**Task description:** Copy the listing exactly, leaving out every picture.

=== Collected data ===

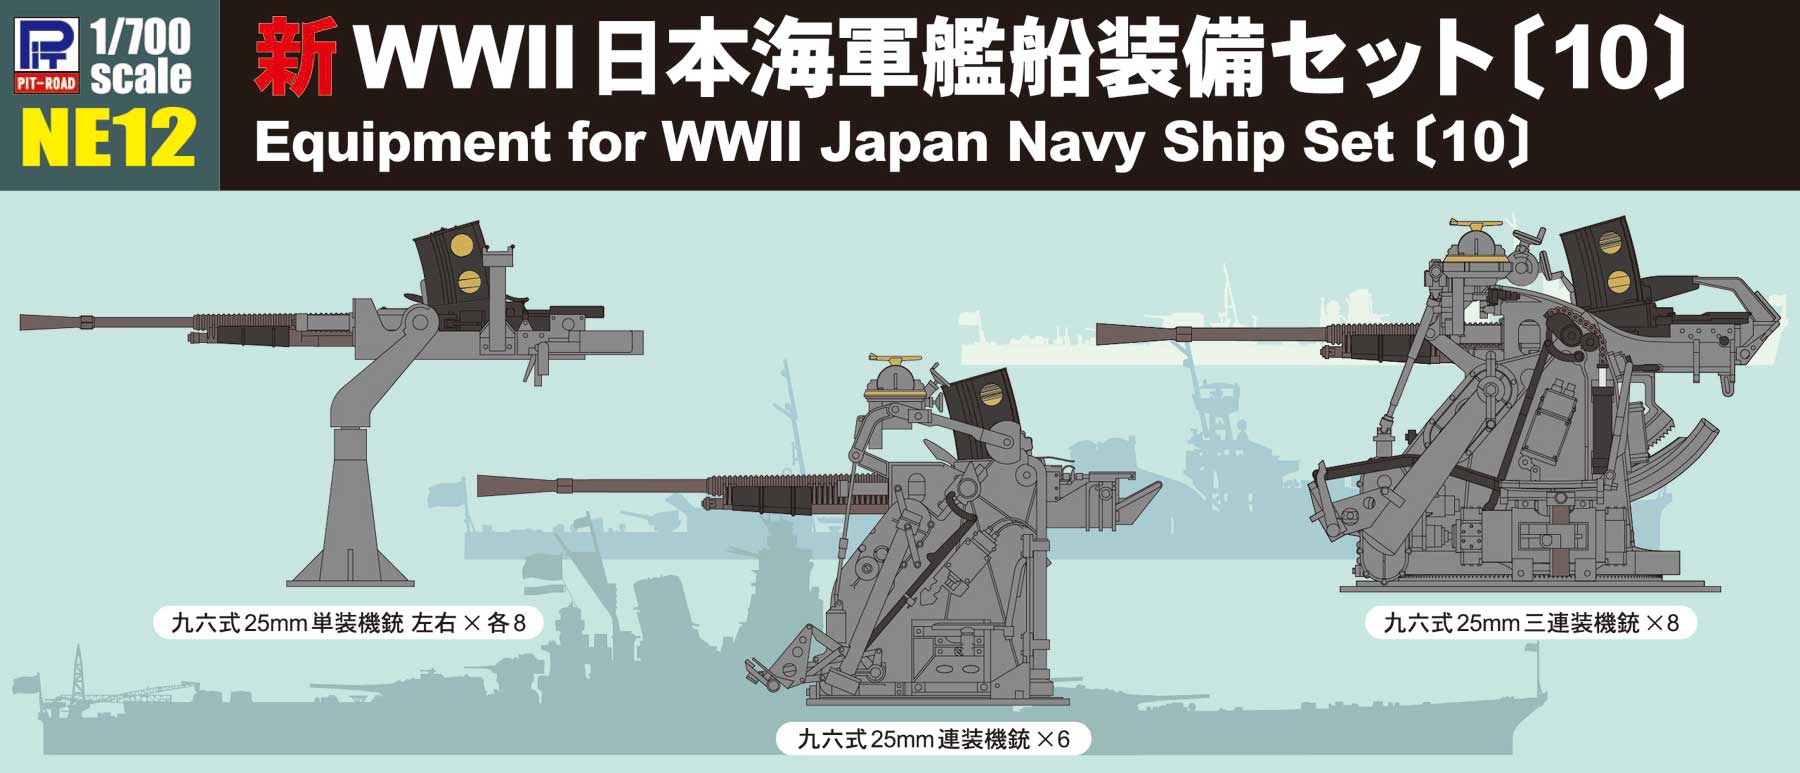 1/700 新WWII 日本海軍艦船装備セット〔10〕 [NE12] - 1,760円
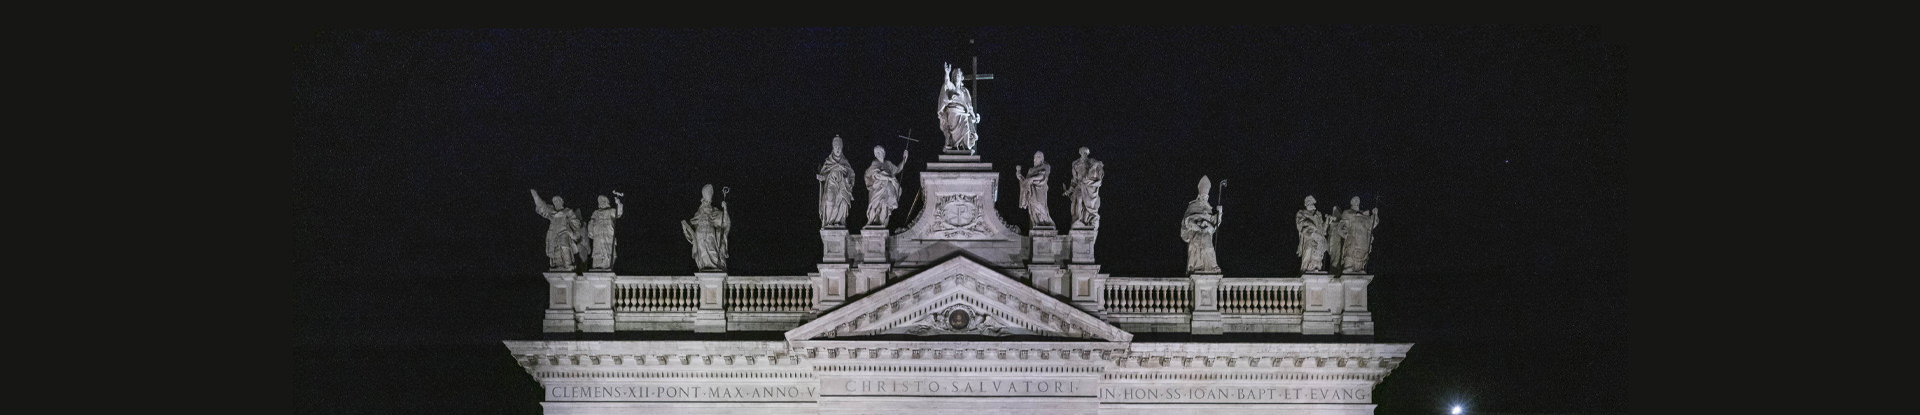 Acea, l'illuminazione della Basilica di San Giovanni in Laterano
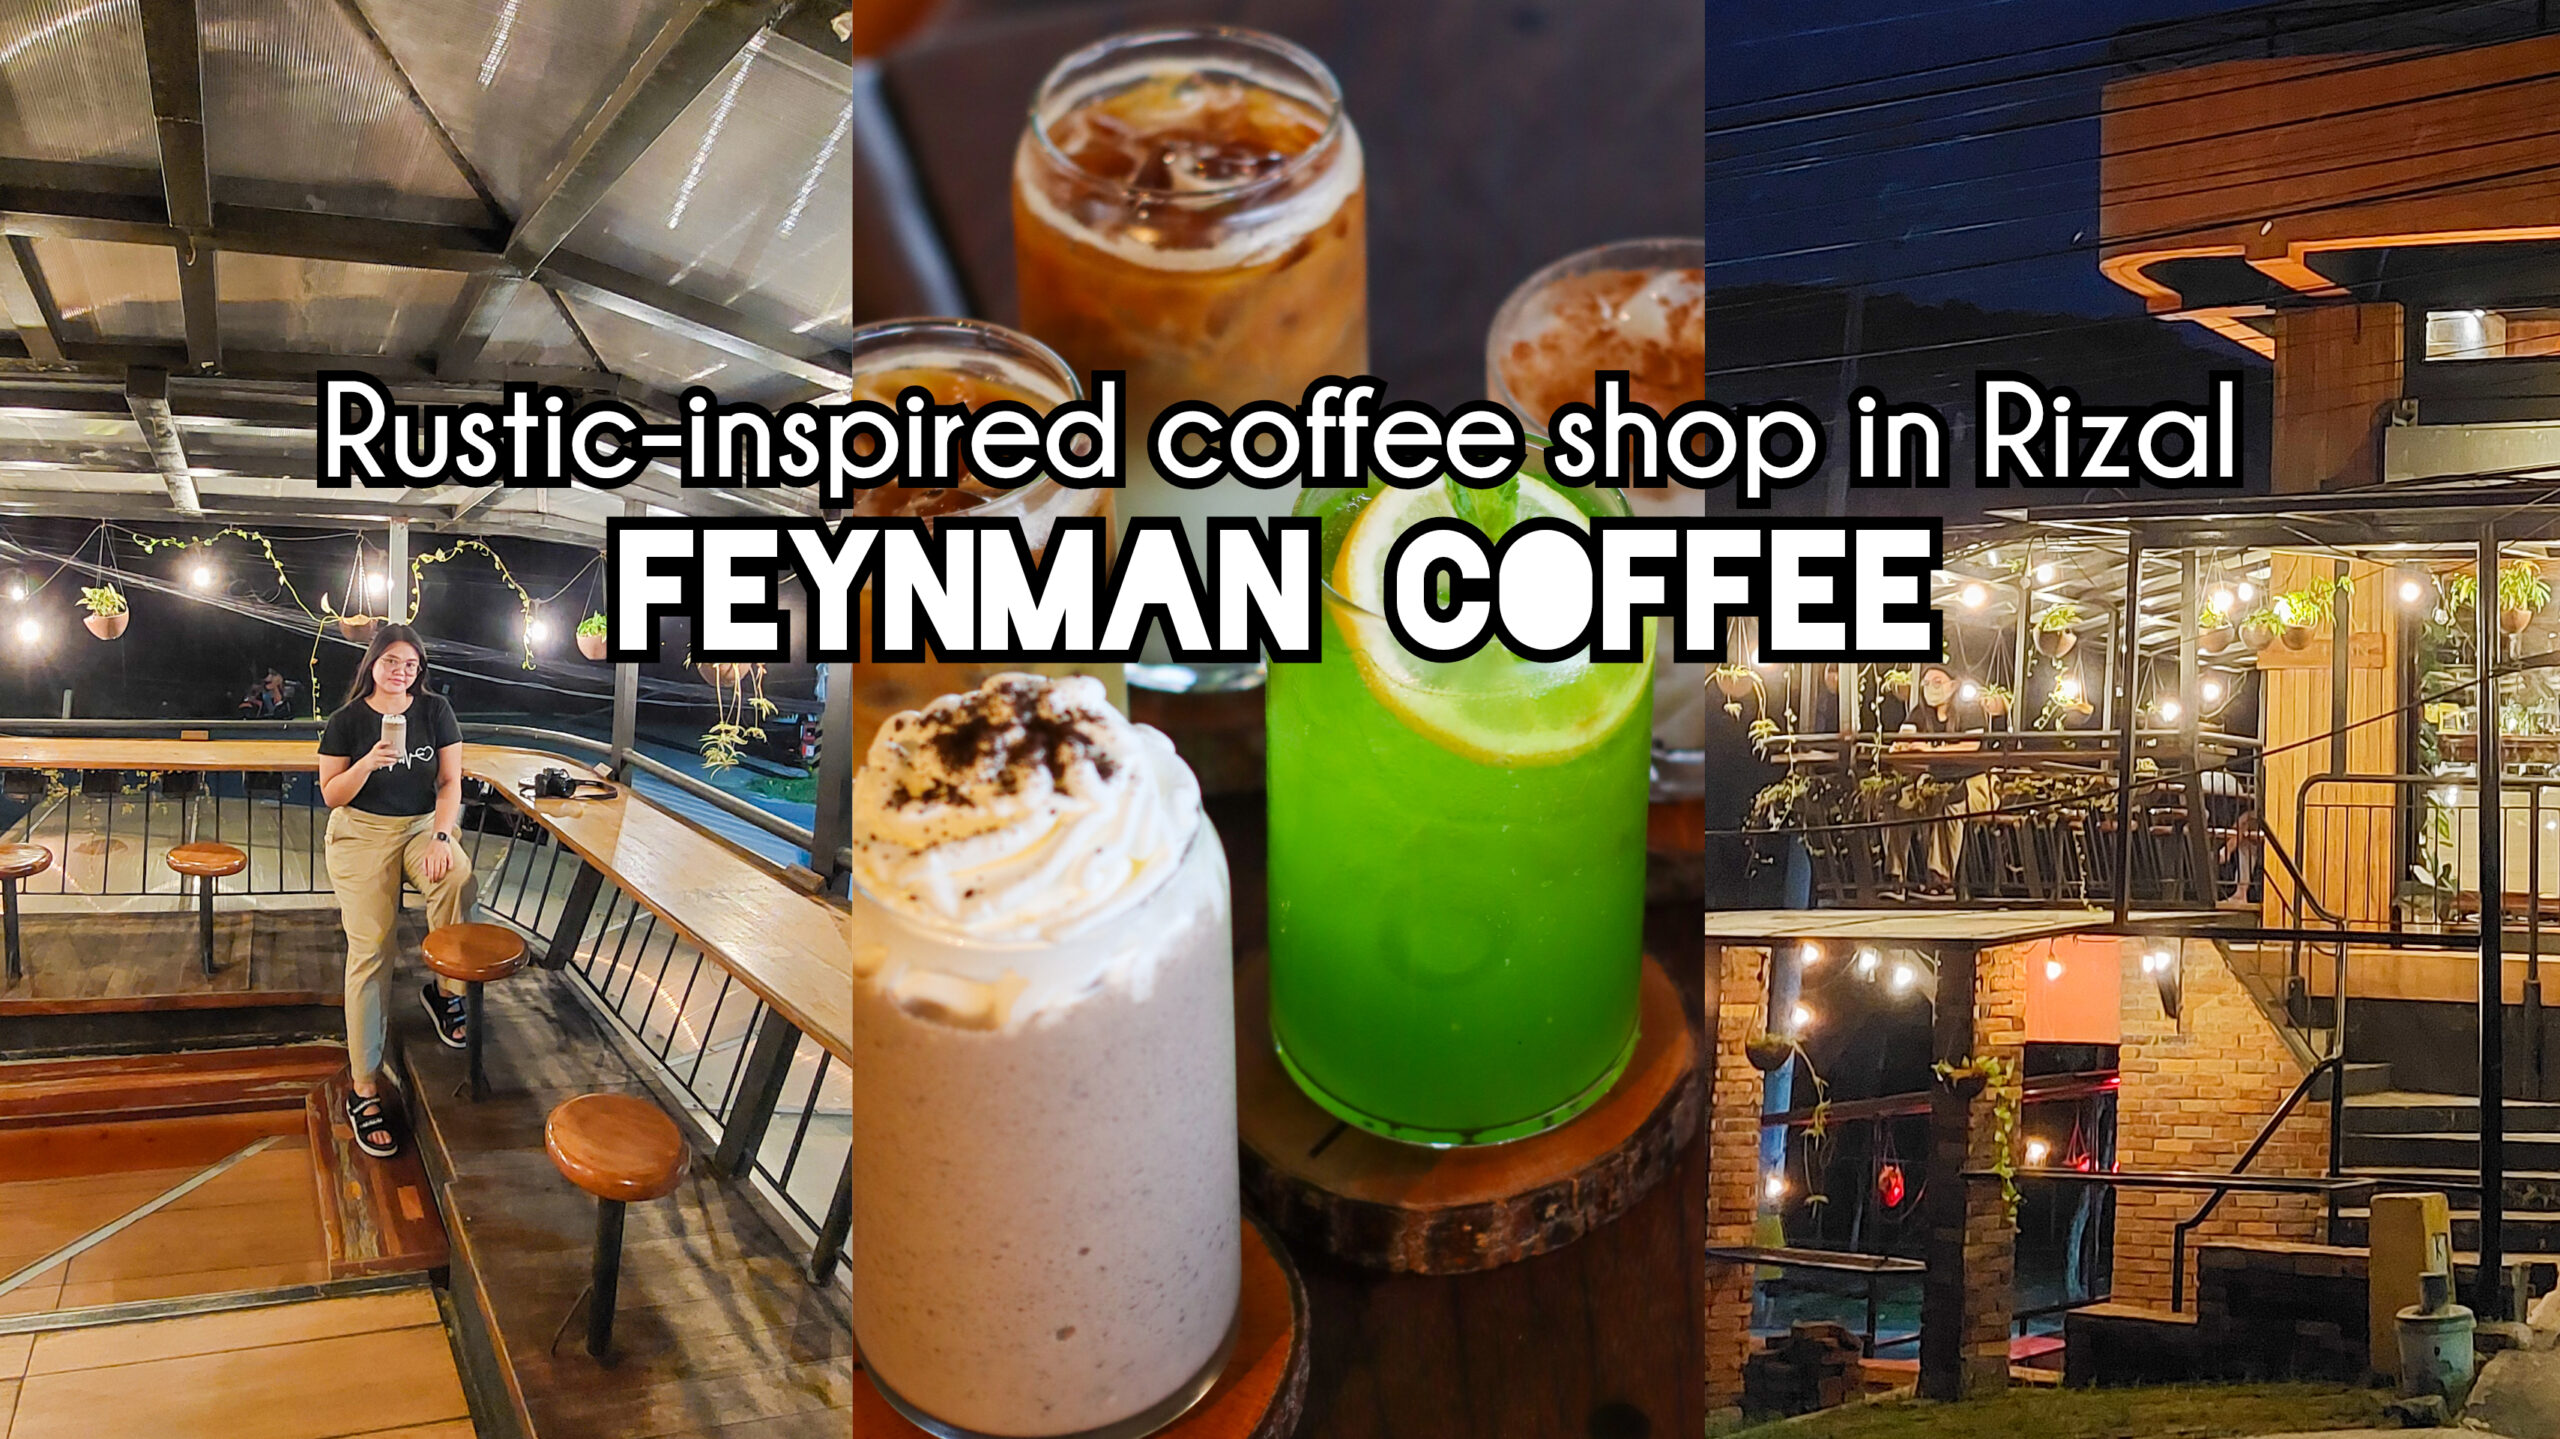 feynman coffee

===

**Solution to the exercise:**
 1/700 新WWII 日本海軍艦船装備セット〔10〕 [NE12] - 1,760円
 Acea, l'illuminazione della Basilica di San Giovanni in Laterano
 feynman coffee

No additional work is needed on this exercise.